Я не могу лучше выявить всю новизну этой позиции «клерка», чем процитировав замечание Ренана, под которым подписались бы все люди мысли, начиная с Сократа: «Человек не принадлежит ни своему языку, ни своей расе; он принадлежит только самому себе, ибо он свободное существо, то есть моральное существо». На это Баррес отвечает, среди аплодисментов своих собратьев: «Быть моральным — значит не желать быть свободным от своей расы». Здесь, очевидно, возвеличивание стадного духа, о котором народы мало слышали раньше от жрецов духа.
Современные «клерки» делают еще лучше. Они заявляют, что их мысль не может быть хорошей, что она не может принести добрых плодов, если они не остаются на своей родной почве, если они не «вырваны с корнем» («déracinés»). Они поздравляют А с работой в его Беарне, Б в его Берри, С в его Бретани. И они не только провозглашают этот закон для поэтов, но и для критиков, моралистов, философов, служителей чисто интеллектуальной деятельности. Объявить ум хорошим в той мере, в какой он отказывается освободиться от земли, — это то, что обеспечит современным «клеркам» заметное место в анналах духовной жизни. Очевидно, чувства этого класса людей изменились с тех пор, как Плутарх учил: «Человек — не растение, созданное для того, чтобы быть неподвижным и иметь корни, закрепленные в почве, где он родился», и с тех пор, как Антисфен ответил своим коллегам, хваставшимся, что они уроженцы почвы, что «они разделяют эту честь со слизнями и кузнечиками».
Нужно ли говорить, что я осуждаю это желание «клерка» чувствовать себя детерминированным своей расой и оставаться привязанным к своей родной почве лишь в той мере, в какой это становится в нем политической позицией, националистической провокацией. Лучший способ для меня определить это — процитировать этот гимн современного «клерка» «своей почве и своим мертвым», гимн, полностью лишенный политической страсти:
«И старый дуб, под которым я сижу, говорит в свою очередь и говорит мне:
«“Читай, читай в моей тени те готические песни, чьи рефрены я слышал в прошлом, смешивающимися с шелестом моих листьев. Души твоих предков в этих песнях, которые старше меня. Учись знать тех смиренных предков, разделяй их прошлые радости и печали. Так, о преходящее создание, будешь ты жить долгие века за несколько лет.
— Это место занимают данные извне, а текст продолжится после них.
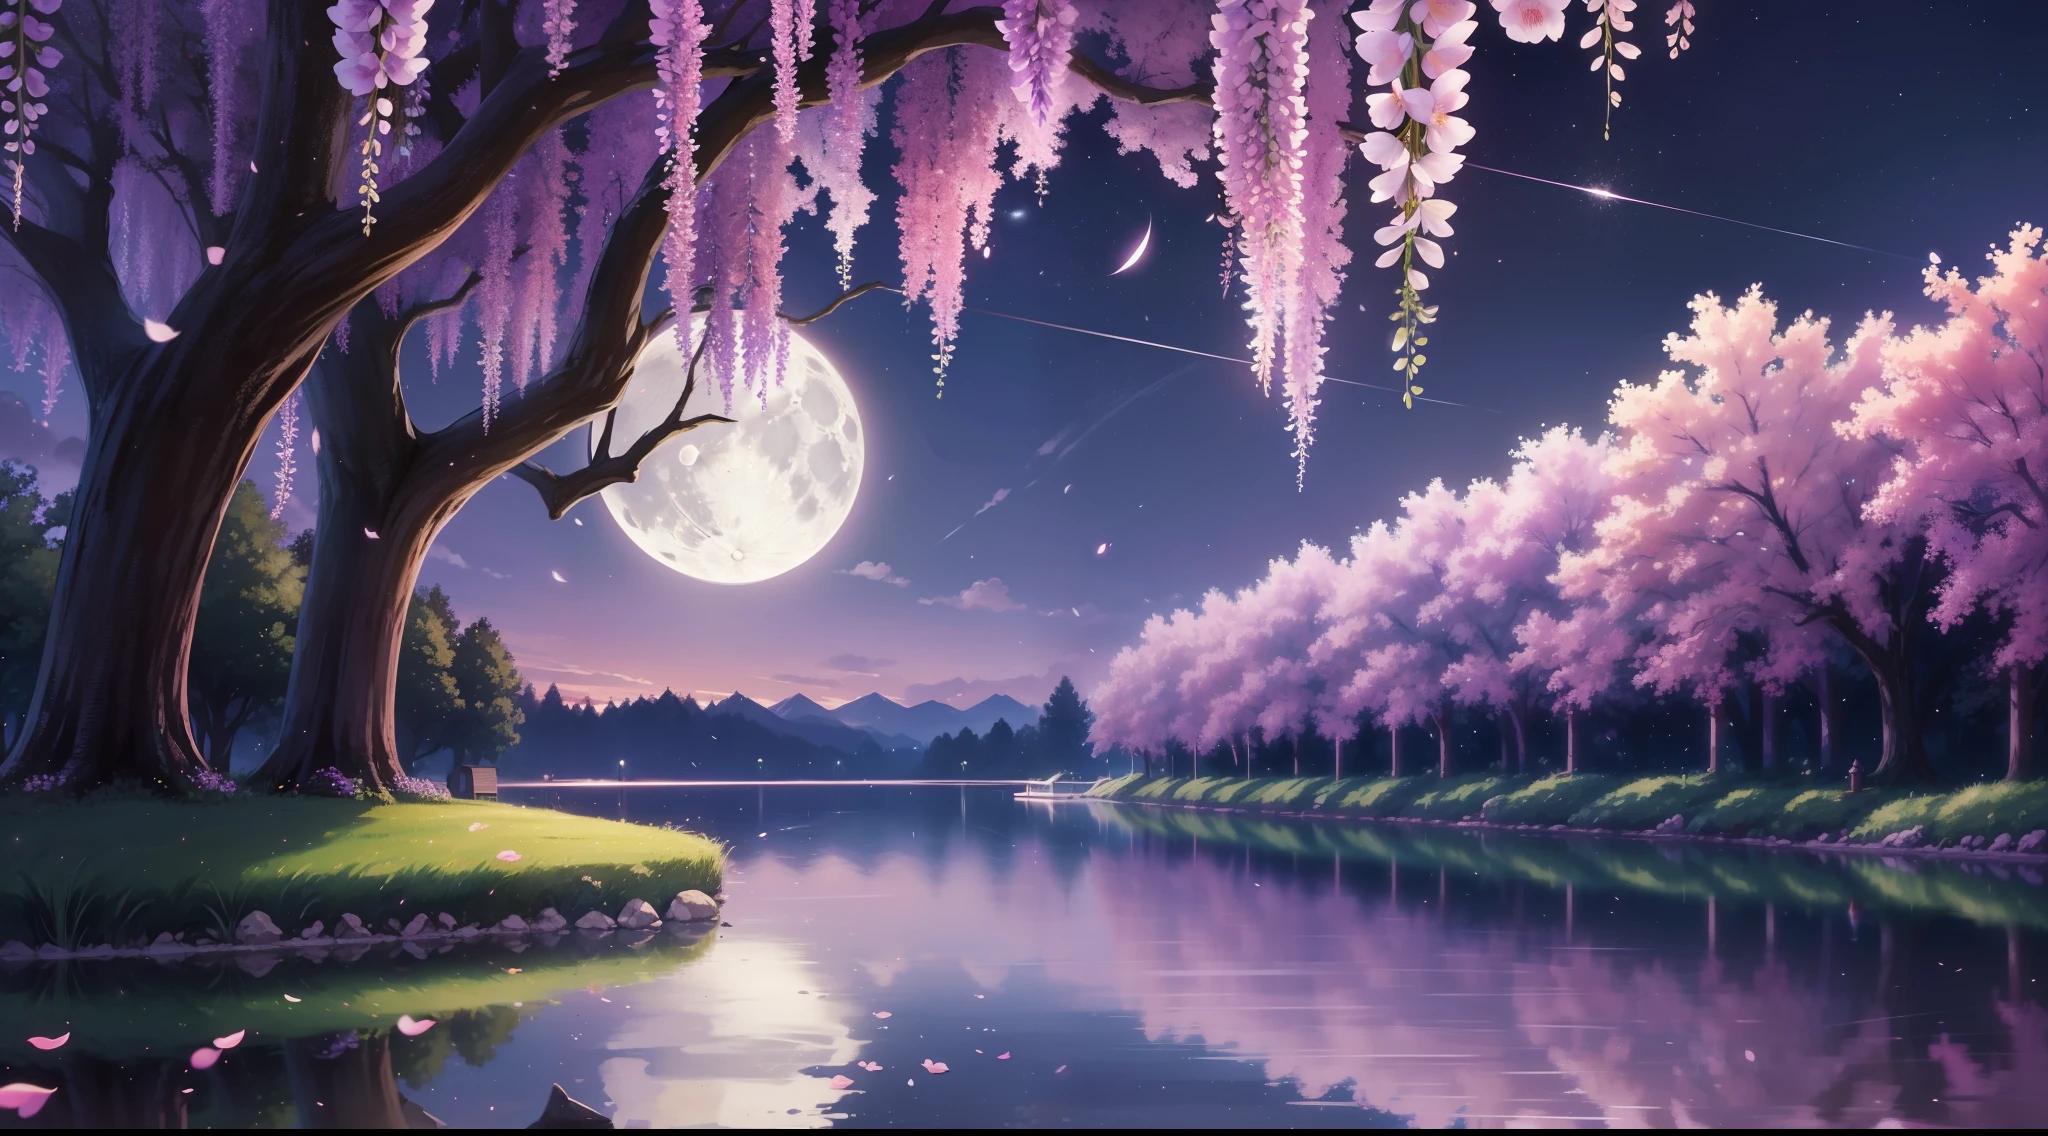 背景， CG， 普农， 夜晚， 月亮， 紫藤，A huge 紫藤 tree， 樱花， 一边是天空，另一边是池塘， 全景， 射线追踪， 反射光， 截然相反， 8千， 杰作， 最好的品质， 高品质， 高细节， 超级细节， 高分辨率， 超高清
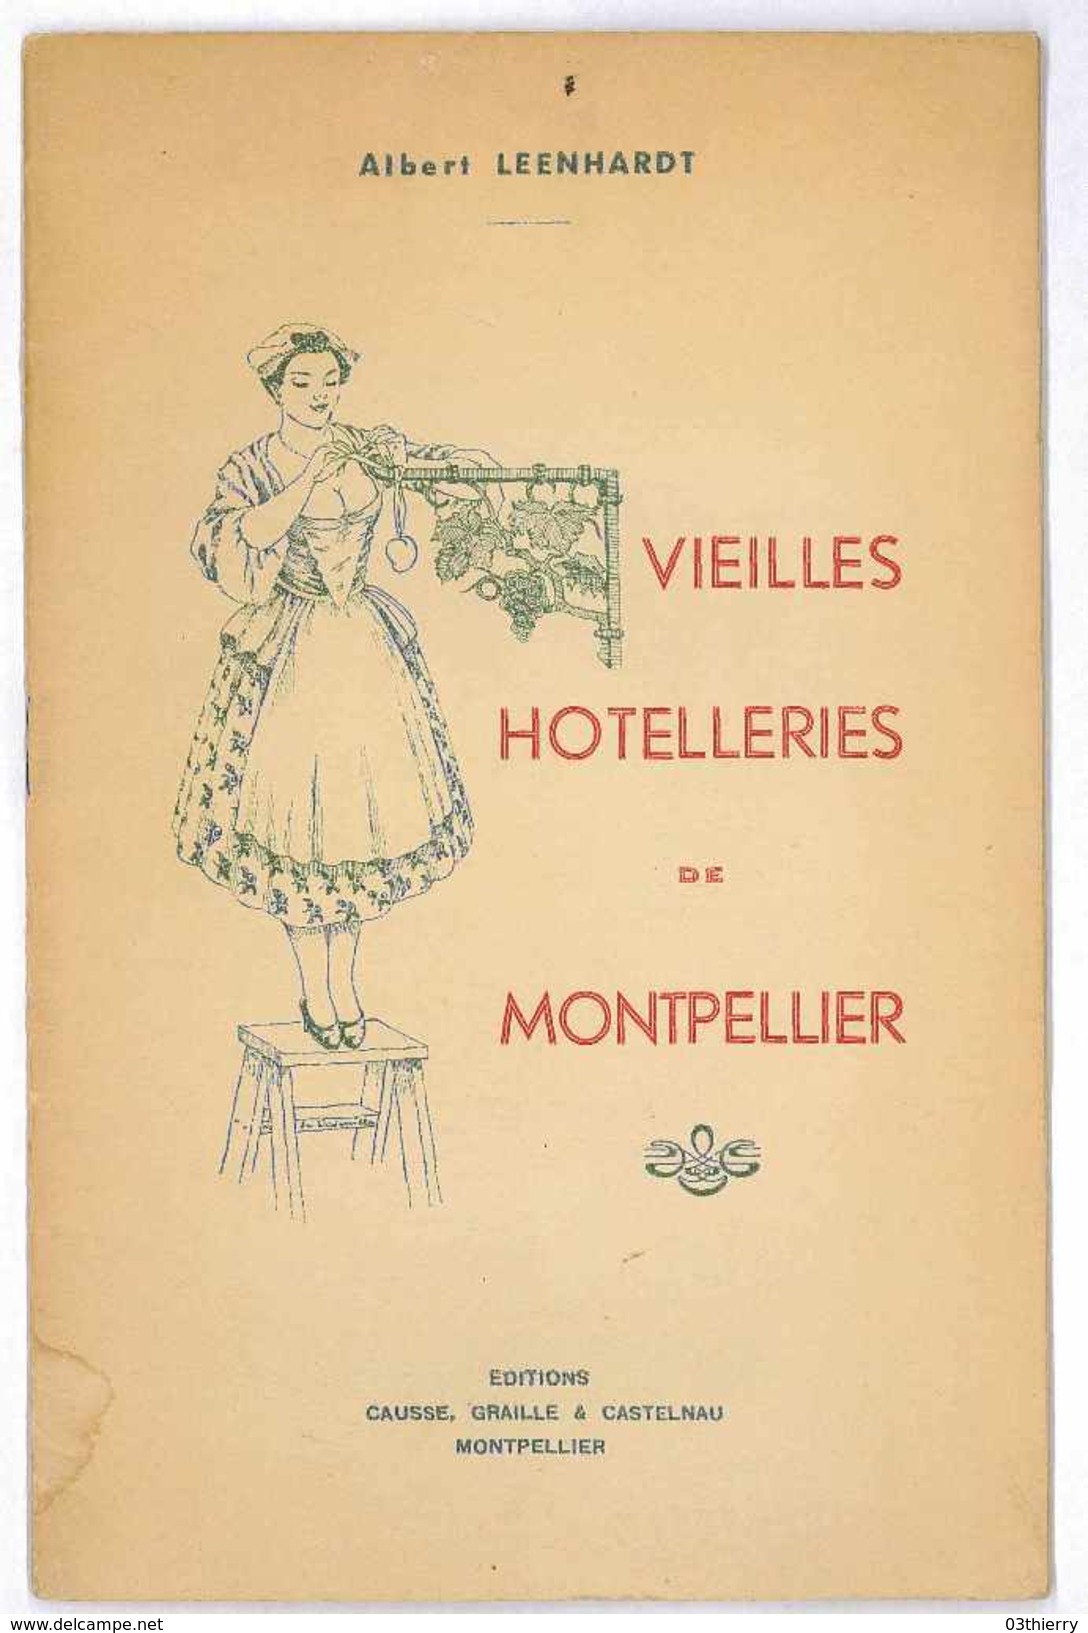 VIEILLES HOTELLERIES DE MONTPELLIER 1938 ALBERT LEENHART EDIT CAUSSE - 1901-1940

Будь благочестив, почитай почву своей страны. Никогда не бери горсть в свою руку, не помня, что она священна. Люби всех тех далеких родственников, чья пыль, смешанная с землей, питала меня веками, чьи умы перешли в тебя, их Вениамина, дитя лучших дней. Не упрекай своих предков в их невежестве, ни в слабости их мысли, ни даже в иллюзиях страха, которые иногда делали их жестокими. С таким же успехом упрекай себя за то, что был ребенком. Помни, что они трудились, что они страдали, что они надеялись на тебя, и что ты всем обязан им!”»
Второе: Они привносят свои политические страсти в свою деятельность как «клерки».
«Клерки» не удовлетворились просто принятием политических страстей, если под этим понимать, что они отвели место этим страстям рядом с деятельностью, которую они обязаны осуществлять как «клерки». Они внесли эти страсти в эту деятельность. Они позволяют, они желают, чтобы они смешивались с их работой как художников, как ученых, как философов, чтобы окрашивать сущность их работы и отмечать все ее произведения. И действительно, никогда не было так много политических работ среди тех, которые должны быть зеркалом бескорыстного интеллекта.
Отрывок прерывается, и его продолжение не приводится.